Let me make one clarification here. Well, two. The first is that I am talking about skeletal muscle. Cardiac muscle acts a little bit differently in how it grows with stress and we don’t lift weights for a bigger heart (perhaps if we did there would be more love in the world).
Also, I’m talking about training induced growth. You can cause some goofy stuff to occur when you ablate a muscle (i.e. cut a muscle in a larger group and you see the other muscles grow like crazy) or with other distinctly non-physiological types of research methods. Here we’re talking about moving iron (the original question asked about endurance training but there’s no reason to begin to suspect that hyperplasia occurs from that type of training in my mind).

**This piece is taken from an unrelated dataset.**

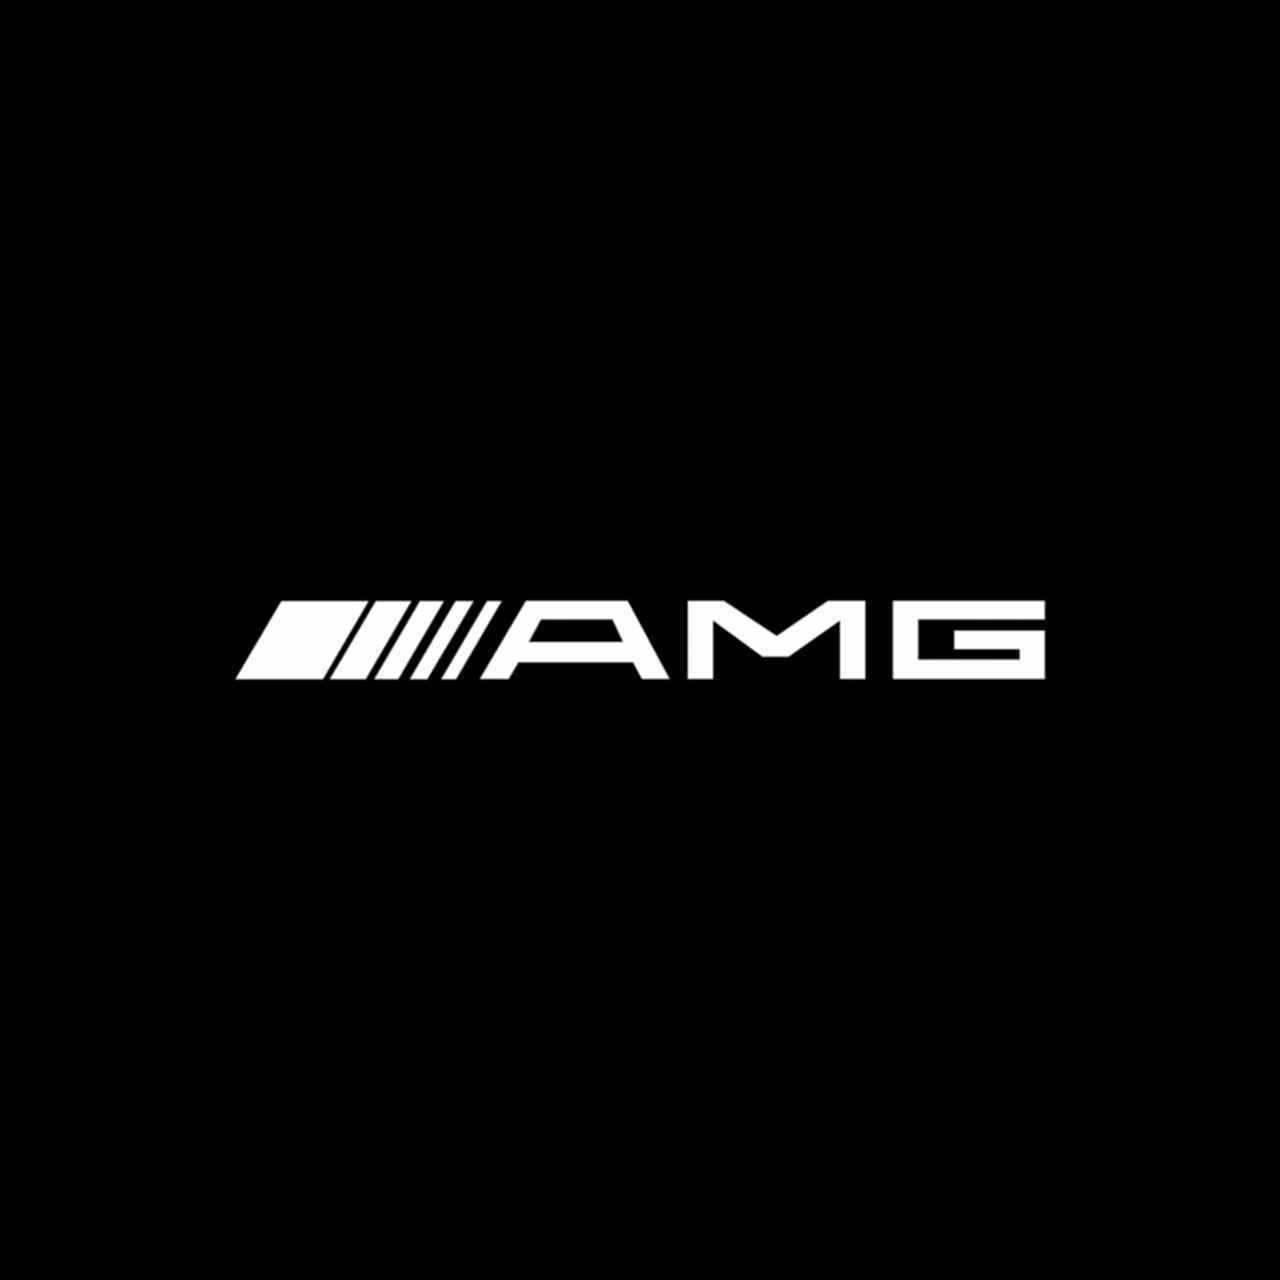 Mercedes Amg Logo Vinyl Decal

Hyperplasia vs. Hypertrophy: Definitions
First, let’s define the terms hypertrophy and hyperplasia. Hypertrophy means an increase in cell size. Fat cell hypertrophy occurs when the fat cell increases in volume (by storing fatty acids as triglyeceride) and skeletal muscle hypertrophy occurs when skeletal muscle increases in volume.
Hyperplasia means an increase in cell number. Fat cell hyperplasia (which does occur in adults, contrary to old belief) is an increase in fat cell number. Skeletal muscle hyperplasia would be an increase in muscle cell, or in this case, fiber number.